Cherry Pye asked, "What's that?"
"Cattle prod," Chemo said. He'd bought it at a farm-supply store in Kissimmee, the same week he was paroled from prison. It was a Sabre-Six Hot-Shot, with a fiberglass shaft and nickel-plated contacts. He used it for jobs that were too dainty for the weed whacker.
"Looks sorta kinky. How's it work?" She was slurping another Red Bull, painting her toenails.
"I've been making a list in my head," Chemo said.
They were outside, on the balcony terrace of her suite, Cherry wearing a DOG THE BOUNTY HUNTER T-shirt and a sky-blue string bikini bottom. The sun was intense so Chemo had smeared his face with 70 SPF sunblock, which made him look like a seven-foot mime. He was waiting for his meeting with Maury Lykes.
"Like, what kinda list?" Cherry asked, and he touched the end of the cattle prod to her bare thigh. She made a noise like a chicken going under the wheels of a truck, and pitched over sideways in the patio chair.
"Every time you say like, I prod your ass," he explained. "Also on the list: awesome, sweet, si
ck, totally, and hot. Those are for starters."
She stopped writhing after a minute or so. Her first breathless words were: "What the fuck, dude?"
"That's another one--dude. Consider yourself warned."
"It's, like, electric or somethin'?"
He shocked her again. "Hell, yes, it's electric. They use 'em on rodeo bulls."
"But this is how I always talk," she cried. "I can't just stop all of a sudden!"
Chemo figured her brain functioned at the same simple level as livestock's. "Some of the prison guards upstate used to pack these bad boys," he said.
Cherry hopped to her feet and called him a monster and ordered him to throw the cattle prod away.
"Relax. It won't leave a mark," he said.
"How the fuck would you like it?" she shouted, then recoiled with a flinch.
The bodyguard smiled. "See, it's already working."
"But how come you didn't zap me?"
"'Cause you used the word the right way--as a verb, not an interjection. 'I like good weed' instead of 'I want some, like, good weed.'"
A Carmelite nun with whom Chemo corresponded in prison once sent him a book of basic grammar, which he practically memorized. His own speech wasn't flawless, yet he tried not to butcher the language.
"No volts for acceptable usage," he said to Cherry.
"I hate you!"
"That's better. Stick with simple sentences."

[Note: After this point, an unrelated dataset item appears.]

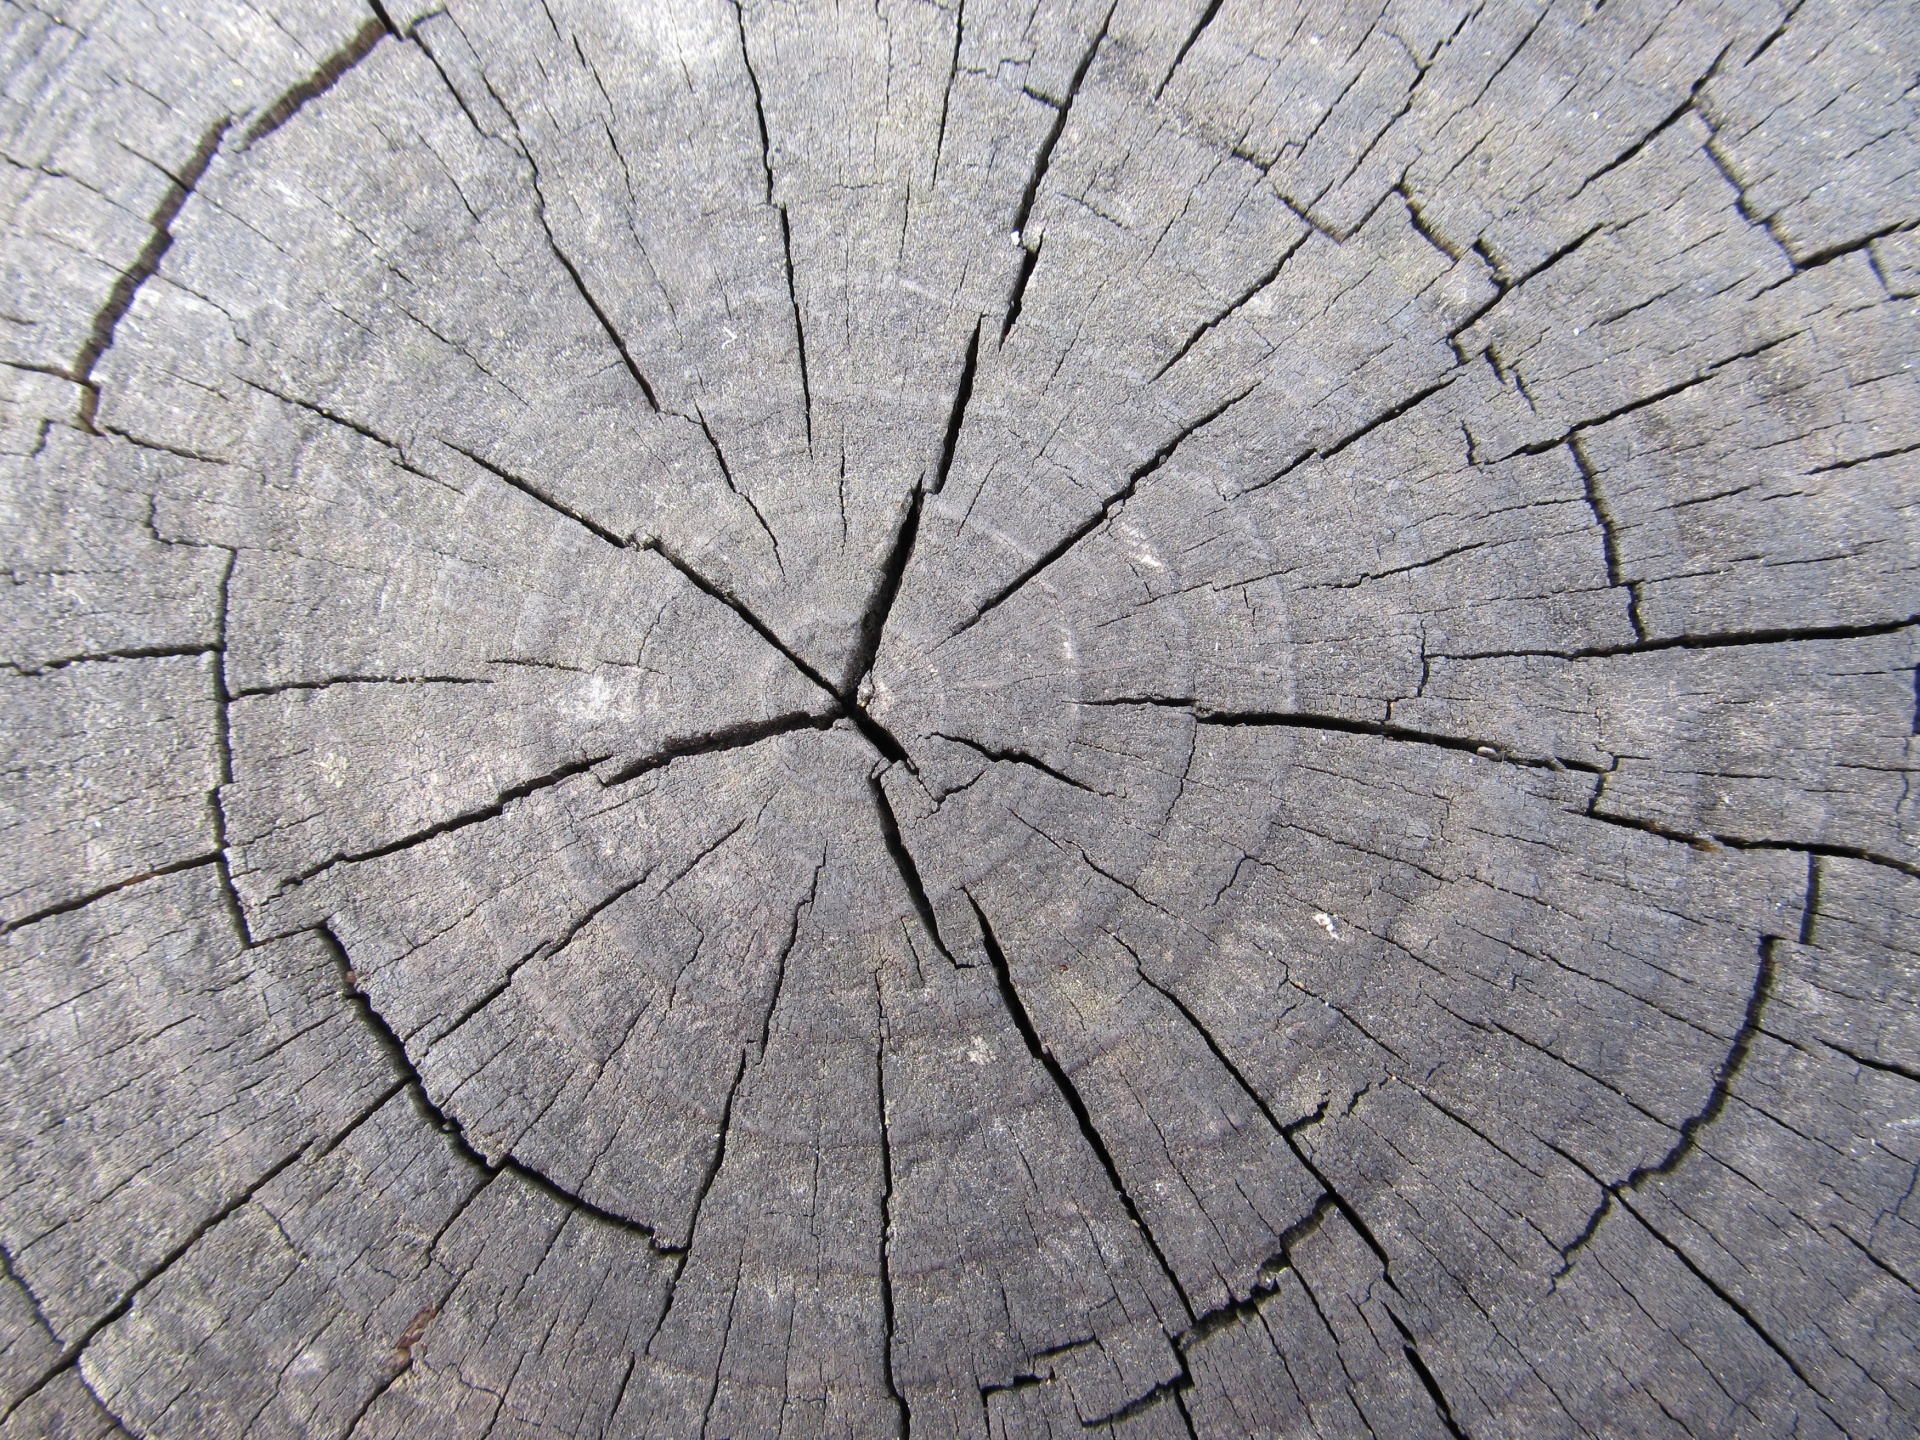 Трещина 4 буквы. Трещина в дереве. Трещины древесины. Срез дерева. Текстура дерева с трещинами.

"I'm tellin' my mother. Maury, too."
Chemo said, "Go ahead. They won't believe you."
He pulled from his pocket the tangerine BlackBerry, which had been trilling all day.
"Hey, my phone!" Cherry exclaimed. "Give it here."
"It's not yours. You stole it from Abbott."
"That is soooo totally bogus."
"Look out," Chemo said, and stung her twice with the cattle prod--once for totally and another for bogus, although it wasn't officially on the list.
He left her flopping on the terrace and went inside to call Maury Lykes, who'd promised to return after his sit-down with the Ticketmaster people. The promoter answered on the first ring and said he was riding up in the elevator. As soon as he walked into the suite, Chemo looked him over and said, "Ticketmaster, my ass."